Handing off control of civilization to AI systems might permanently distort society’s values. Understanding how to avoid this problem is good.
These seem like separate issues to me. I am convinced that #2 is very important, since it seems like the largest existential risk by a fair margin and also relatively tractable. I think that #1 does add some value, but am not at all convinced that it is a maximally important problem to work on. As I see it, the value of #1 depends on the importance of the ethical questions we face in the short term (and on how long-lasting are the effects of differential technological progress that accelerates our philosophical ability).
Moreover, it seems like we should evaluate solutions to these two problems separately. You seem to be making an implicit argument that they are linked, such that a solution to #2 should only be considered satisfactory if it also substantially addresses #1. But from my perspective, that seems like a relatively minor consideration when evaluating the goodness of a solution to #2. In my view, solving both problems at once would be at most 2x as good as solving the more important of the two problems. (Neither of them is necessarily a crisp problem rather than an axis along which to measure differential technological development.)

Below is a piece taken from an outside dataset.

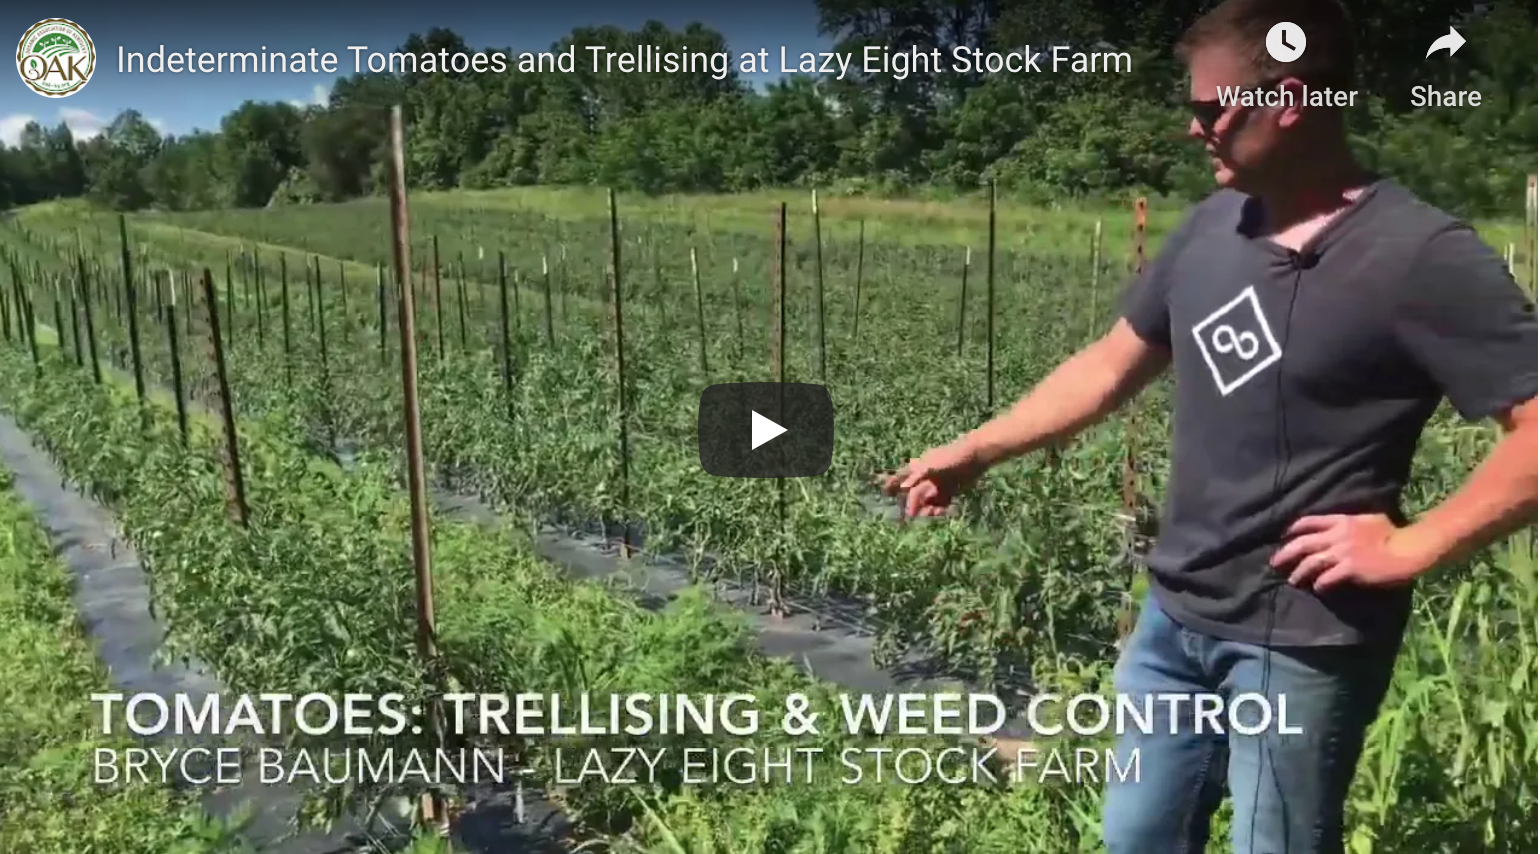 Next Happening: Trellising tomatoes at Lazy Eight Stock Farm

I can see several ways in which #1 and #2 are linked, but none of them seem very compelling to me. Do you have something in particular in mind? Does my position seem somehow more fundamentally mistaken to you?
(This comment was in response to point 1, but it feels like the same underlying disagreement is central to points 2 and 3. Point 4 seems like a different concern, about how the availability of AI would itself change philosophical deliberation. I don’t really see much reason to think that the availability of powerful AI would make the endpoint of deliberation worse rather than better, but probably this is a separate discussion.)
The trainers are responsible for getting M to do what the trainers want, and the user trusts the trainers to do what the user wants.
In that case, there would be severe principle-agent problems, given the disparity between power/intelligence of the trainer/AI systems and the users. If I was someone who couldn’t directly control an AI using your scheme, I’d be very concerned about getting uneven trades or having my property expropriated outright by individual AIs or AI conspiracies, or just ignored and left behind in the race to capture the cosmic commons. I would be really tempted to try another AI design that does purport to have the AI serve my interests directly, even if that scheme is not as “safe”.
If I imagine an employee who sucks at philosophy but thinks 100x faster than me, I don’t feel like they are going to fail to understand how to defer to me on philosophical questions.
If an employee sucks at philosophy, how does he even recognize philosophical problems as problems that he needs to consult you for? Most people have little idea that they should feel confused and uncertain about things like epistemology, decision theory, and ethics. I suppose it might be relatively easy to teach an AI to recognize the specific problems that we currently consider to be philosophical, but what about new problems that we don’t yet recognize as problems today?
Aside from that, a bigger concern for me is that if I was supervising your AI, I would be constantly bombarded with philosophical questions that I’d have to answer under time pressure, and afraid that one wrong move would cause me to lose control, or lock in some wrong idea.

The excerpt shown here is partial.